TASK TO CARRY OUT -> Copy out all of the lines below exactly; the pictures do not belong in the copy.

RECORDED INFORMATION ->
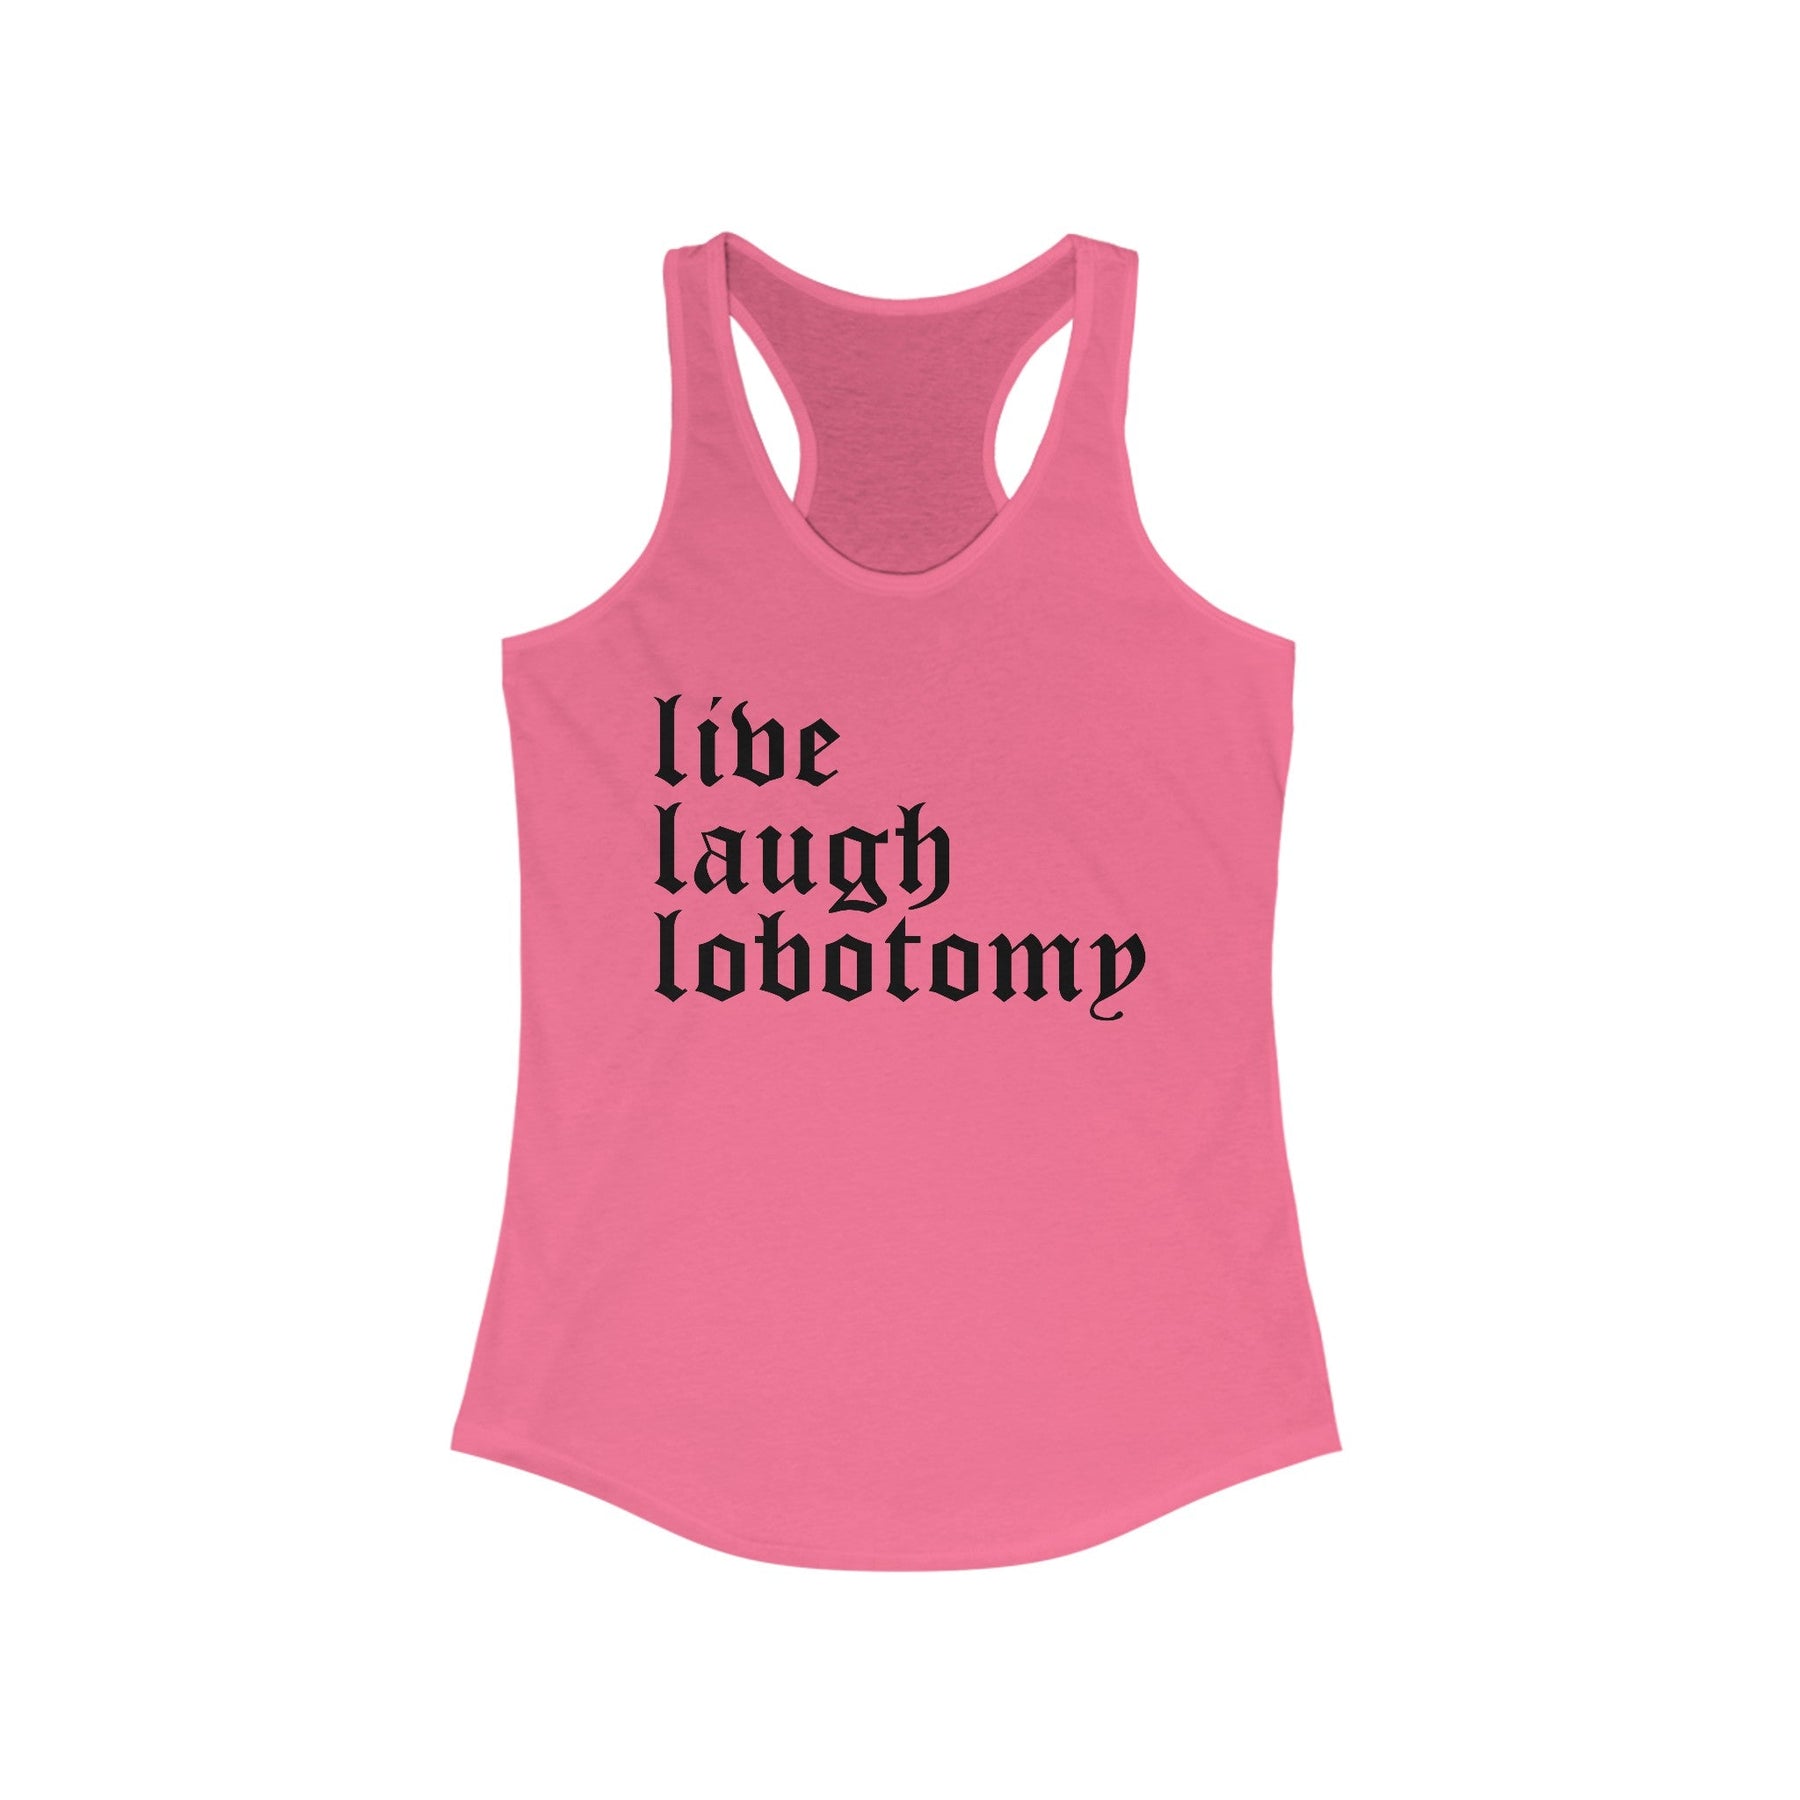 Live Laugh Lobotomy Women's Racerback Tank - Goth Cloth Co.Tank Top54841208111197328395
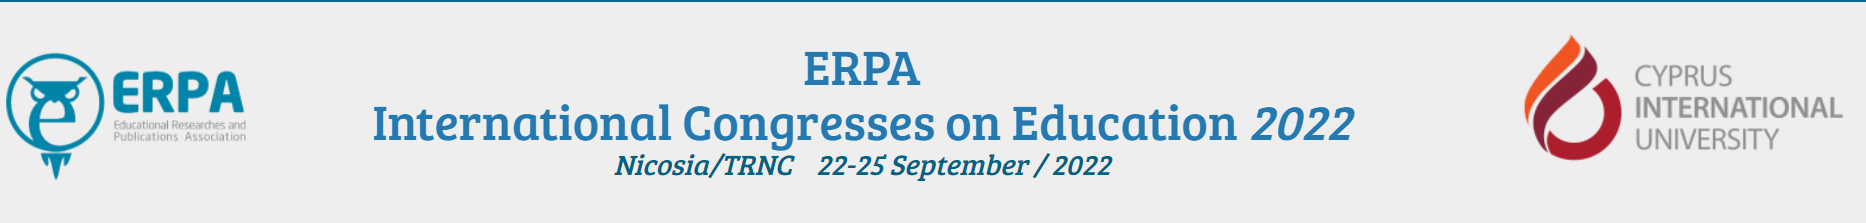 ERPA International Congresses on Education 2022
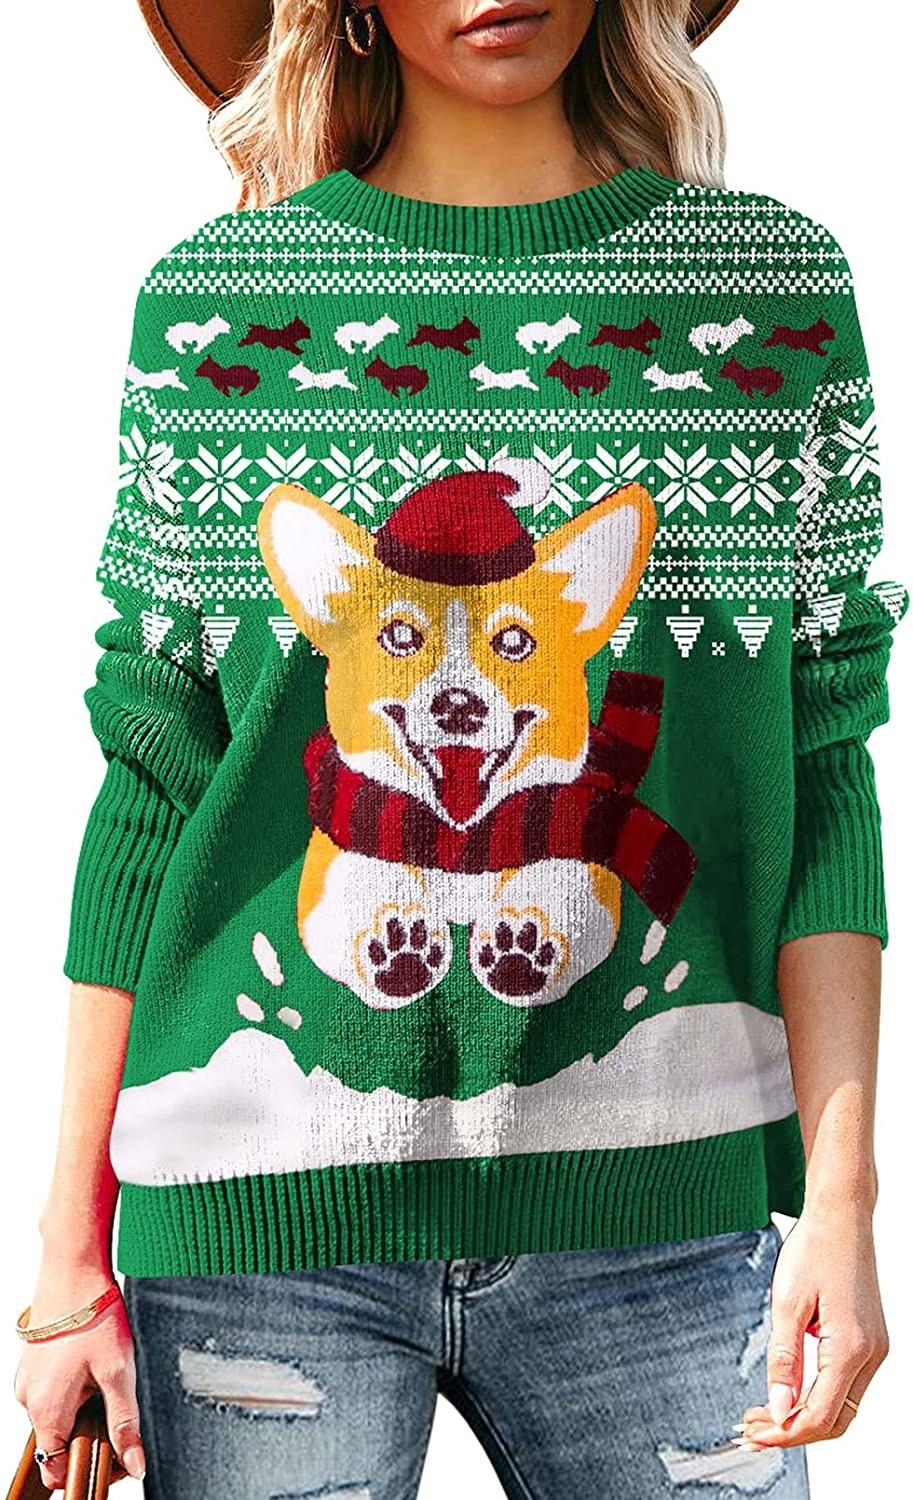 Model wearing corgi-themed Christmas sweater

EXERCISE RESULT ->
 Live Laugh Lobotomy Women's Racerback Tank - Goth Cloth Co.Tank Top54841208111197328395
 ERPA International Congresses on Education 2022
 Model wearing corgi-themed Christmas sweater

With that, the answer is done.